The Spirits That Remained
When the giants' physical bodies perished in the Flood and the violence that preceded it, their spirits did not die. According to 1 Enoch, these disembodied spirits became the demons that continue to afflict humanity. They emerged from the giants' corpses as evil spirits, roaming the earth and leading humanity into sin. Because they were born of heavenly fathers and earthly mothers, their spirits belonged fully to neither realm: barred from heaven and unable to rest in the earth, they wandered until the final judgment.
The Nephilim in Jubilees
The Book of Jubilees preserves its own account of the Watchers and their offspring. In Jubilees, the angels were originally sent to earth to instruct humanity in justice, but they were corrupted by desire for mortal women and fell into transgression. Their giant children turned to mutual slaughter until God sent the Flood.

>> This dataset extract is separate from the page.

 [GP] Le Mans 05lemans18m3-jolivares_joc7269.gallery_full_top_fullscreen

After the Flood, Noah prayed that all the evil spirits be imprisoned so they could no longer lead his descendants astray. But the chief of the spirits, Mastema, petitioned God: "Lord, Creator, let some of them remain before me, and let them hearken to my voice." God granted his request, binding nine-tenths but releasing one-tenth to serve under Mastema as instruments of testing and temptation until the day of judgment.

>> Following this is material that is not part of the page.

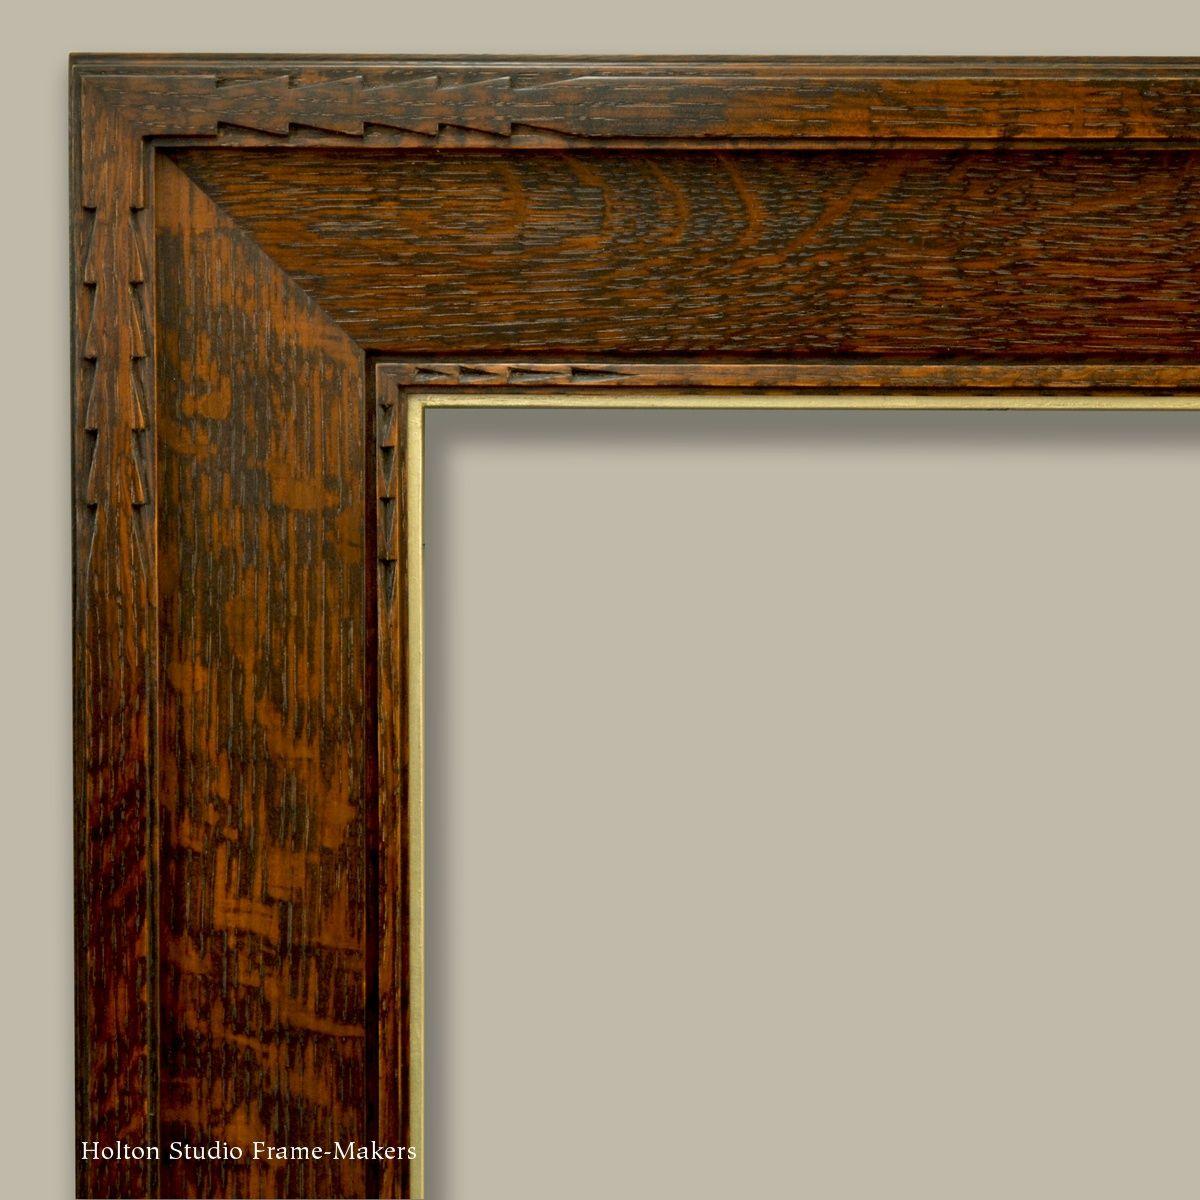 Framing Mick McGinty - Holton Studio Frame-Makers   Framing ...
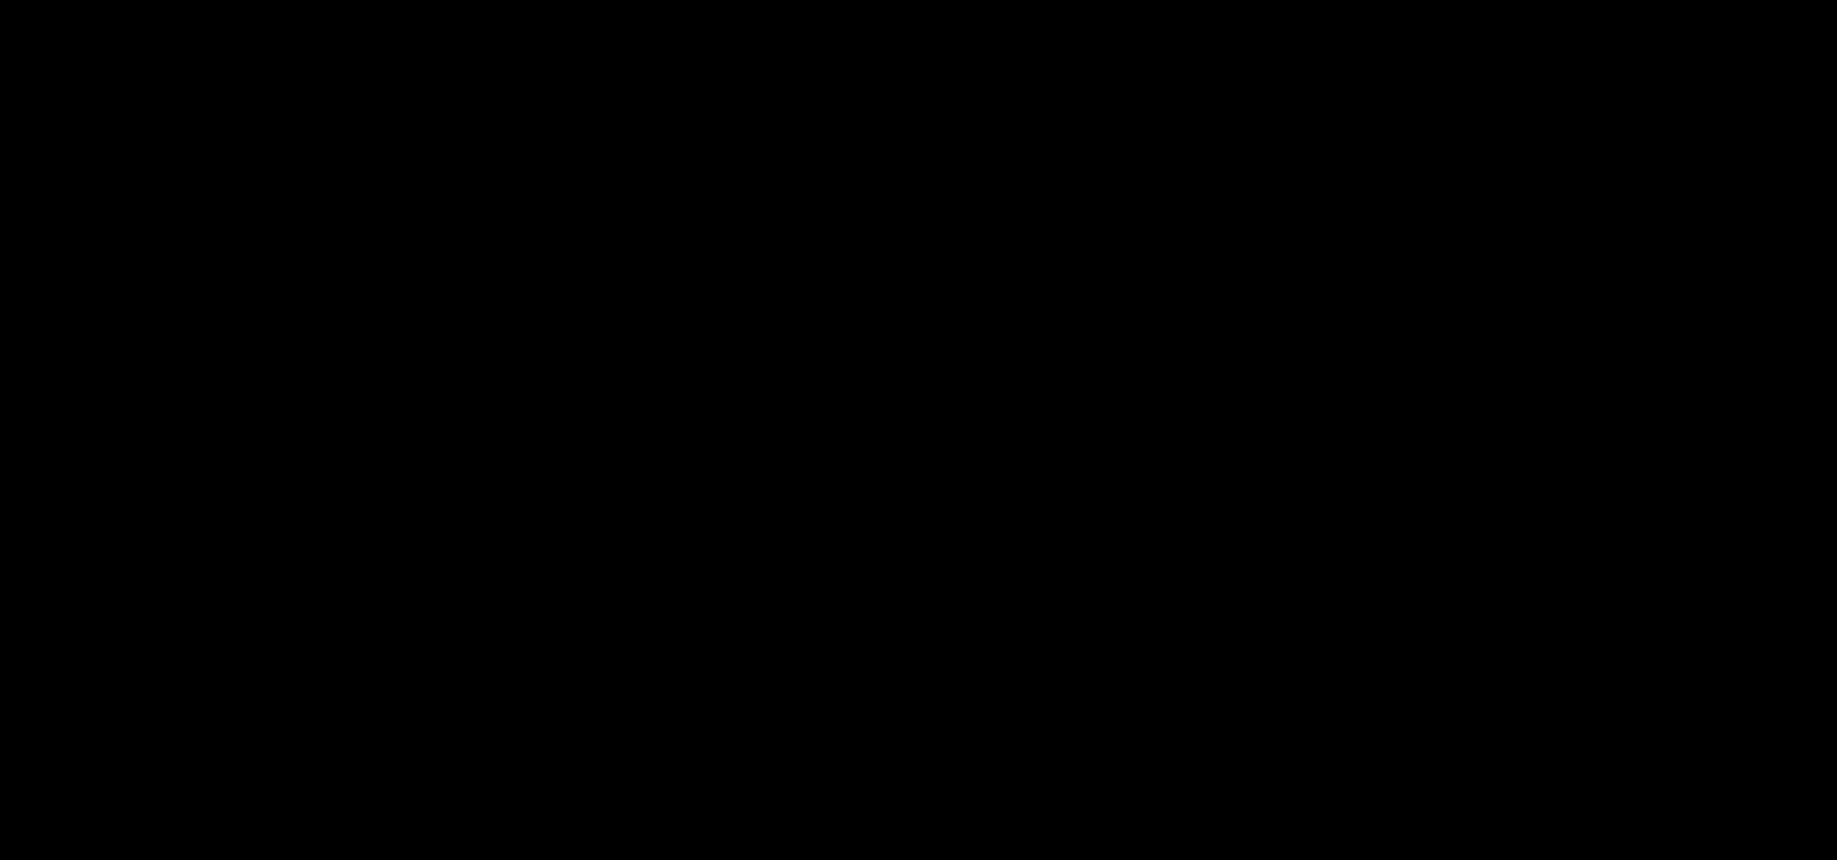 cl-4-30-18

The Terror at Canaan's Gate
The Nephilim's most consequential appearance after the Flood came in the scouts' report from Canaan. Moses sent twelve men to survey the promised land; they returned bearing a single cluster of grapes so large that two men carried it on a pole. But ten of the twelve delivered a terrifying report: "The land, through which we have gone to spy it out, is a land that devours its inhabitants, and all the people that we saw in it are of great height. And there we saw the Nephilim (the sons of Anak, who come from the Nephilim), and we seemed to ourselves like grasshoppers, and so we seemed to them."
The people wept all night and demanded to return to Egypt. Only Caleb and Joshua dissented, insisting that God was greater than any giant. But the congregation threatened to stone them. God decreed that the entire generation, except Caleb and Joshua, would die in the wilderness, wandering forty years until the last of the fearful had perished.
The Giants of the Land
The biblical tradition connects the Nephilim to several named races of giants inhabiting Canaan and its surroundings. The Anakim, descendants of Anak, dwelt in Hebron and were so tall the scouts felt like insects before them. The Rephaim, whose name may mean "shades," inhabited Transjordan and were associated with the dead. The Valley of Rephaim near Jerusalem preserved their memory in the landscape itself.
Og king of Bashan, the last of the Rephaim, ruled sixty fortified cities. His iron bedstead, preserved in Rabbah of the Ammonites, measured nine cubits by four: over thirteen feet long. Deuteronomy records the systematic defeat of these peoples, and Joshua notes that while the Anakim were cut off from the hill country, "in Gaza, in Gath, and in Ashdod some remained," placing the surviving giants in Philistine territory and connecting them to the later tradition of Goliath from Gath.
Nephilim in Rabbinic Tradition
Rabbinic literature preserves multiple traditions about the Nephilim. The Babylonian Talmud discusses Azazel in the context of the Yom Kippur scapegoat ritual, connecting the desert ceremony to the imprisoned Watcher. Targum Pseudo-Jonathan identifies the Nephilim with Shamhazai and Azael. Genesis Rabbah records the opinion that the "sons of God" were sons of judges (elohim as a title for judges, as in Exodus 21:6), offering a human rather than angelic reading of the primordial transgression.
Midrashic sources describe the Nephilim's enormous appetite, consuming a thousand camels and a thousand oxen daily, and their insatiable violence that left God no choice but the Flood. Rashi interpreted the name simply as "fallen ones" who fell and caused the world to fall. Nachmanides accepted the angelic reading, arguing that the bene elohim were heavenly beings who materialized in physical form.